动物造模,药效评价,急性肾衰竭 z-bio 2024-07-08 485

　　【 Modeling mechanism 】 Mercury ions are reabsorbed by renal tubular epithelial cells after filtration by the glomerulus, and accumulate inside the cells. They bind with cell membranes and intracellular thiol and disulfide groups, affecting cell enzyme activity, damaging the function and structure of cells and cell membranes, causing loss of cellular respiratory function, degeneration and necrosis, and partial detachment into the lumen, blocking the renal tubules and obstructing the passage of urine. Damaged renal tubules have increased permeability, causing the original urine to leak out and return to the renal vessels, resulting in oliguria and anuria. Primary urine leaks into the renal interstitium, causing interstitial edema and compressing renal tubules. Mercury chloride poisoning can also cause redistribution of renal blood flow, renal cortical ischemia, renal medullary congestion, and reduced renal tubular filtration, which is also one of the mechanisms leading to acute renal failure.

　　【 Modeling Method 】 Rabbits weighing over 2kg, both male and female. Mercury chloride is prepared with physiological saline or distilled water to an appropriate concentration and administered intravenously at a rate of 2.5mg/kg body weight. Measure the levels of urea nitrogen and Cr in blood and urine for the first 3 days of the experiment, and take the average value as the self control. Alternatively, intramuscular injection can be used to inject 10ml/kg body weight of 0.1% mercuric chloride solution into the hind limb muscles of rabbits for two consecutive days.

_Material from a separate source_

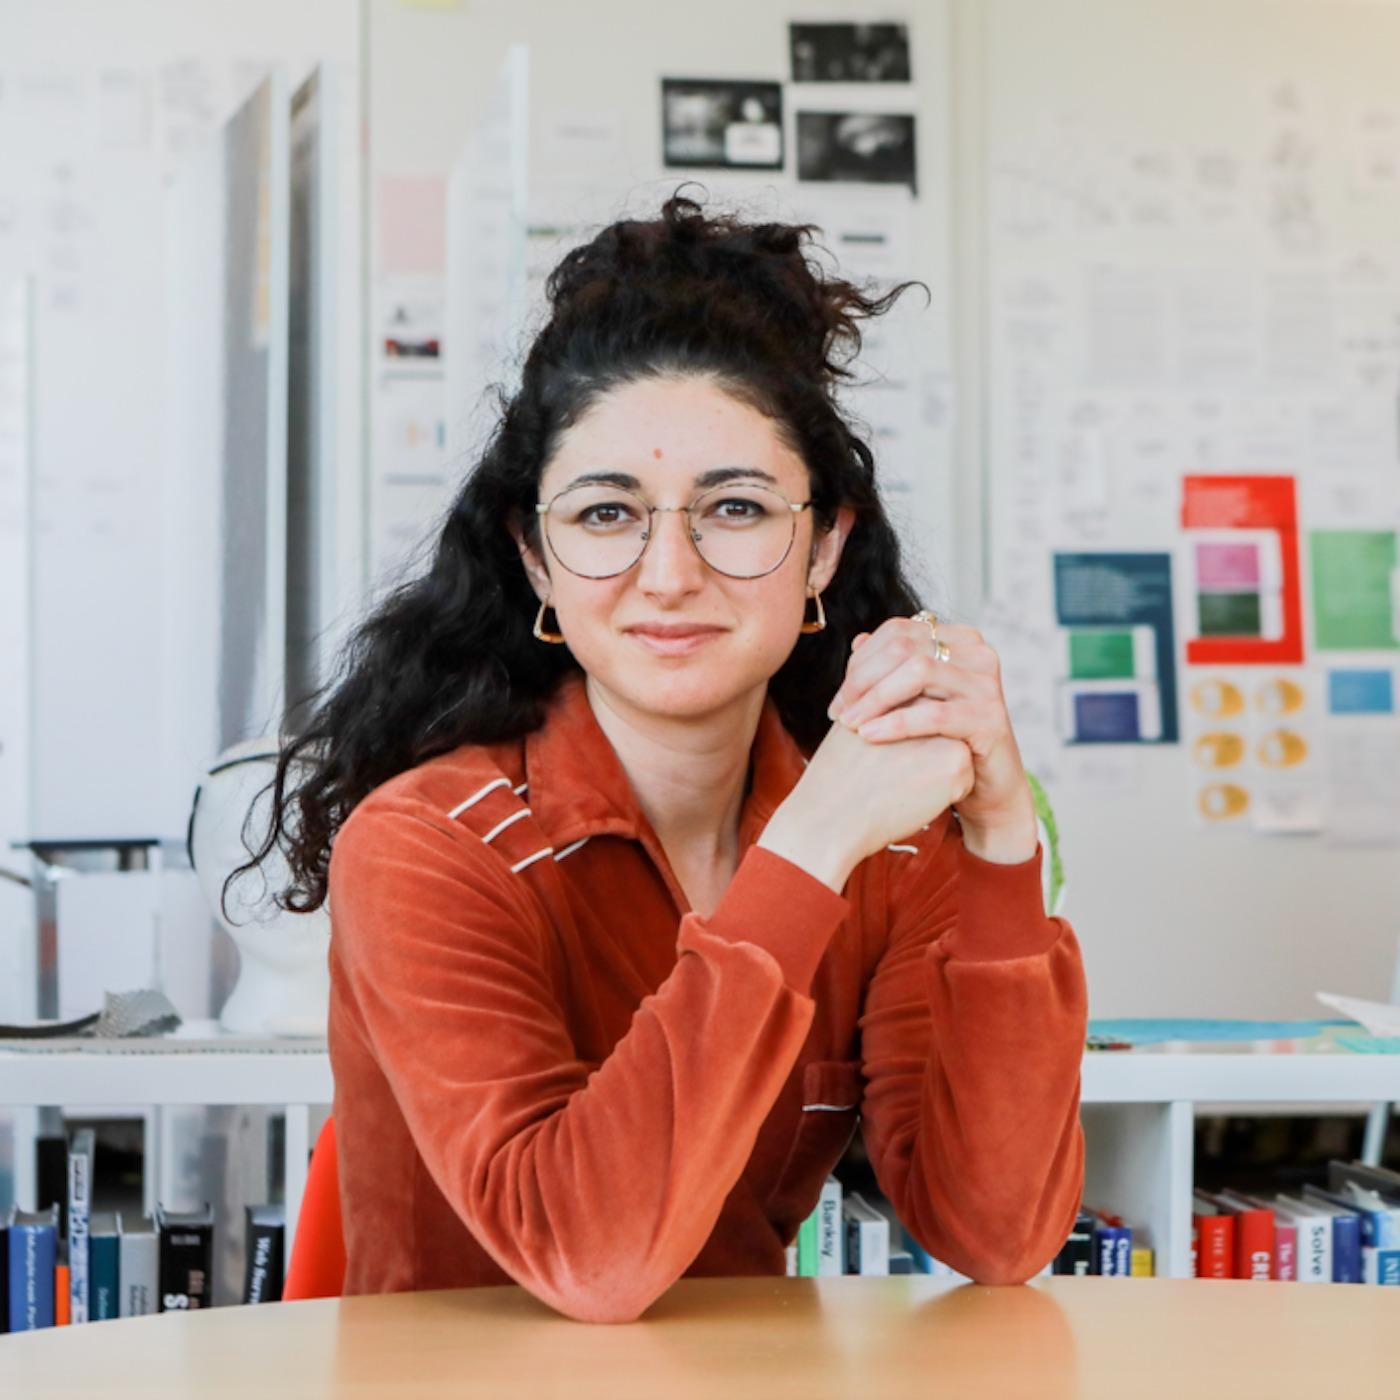 Anna Roumiantseva

　　Model testing: ① Physiological and biochemical indicators: Cr and BUN levels rapidly increase after poisoning. After 24 hours, the Cr clearance rate significantly decreased, and the total excretion of Cr and BUN significantly decreased Urinary routine examination: Within 3-5 days after poisoning, there is obvious oliguria, followed by polyuria. Protein appears in urine, with various types of tubules Pathological examination: Significant enlargement of the kidney, increased weight (increased renal index), cortical ischemia, medullary congestion, and microscopic degeneration and necrosis of renal tubules.

　　【 Model Features 】 The filtration rate of the rabbit glomerulus decreases, causing degeneration and necrosis of renal tubular epithelial cells, renal vascular contraction, decreased renal blood flow, decreased renal perfusion pressure, impaired renal tubular secretion function, and renal tubular epithelial cell reabsorption dysfunction.

　　Model evaluation and application: This method is simple and feasible, and the lesion is relatively stable. The same applies to mice and rats, with a one-time administration of 0.1% mercuric chloride at a dose of 1.0-2.0mg/kg intravenously and 2-15mg/kg subcutaneously or intraperitoneally. For example, if selecting a dog, prepare a ureteral fistula for the dog before the experiment, and inject 2% mercuric chloride into the muscle, subcutaneous or abdominal cavity once at a dose of 20mg/kg body weight.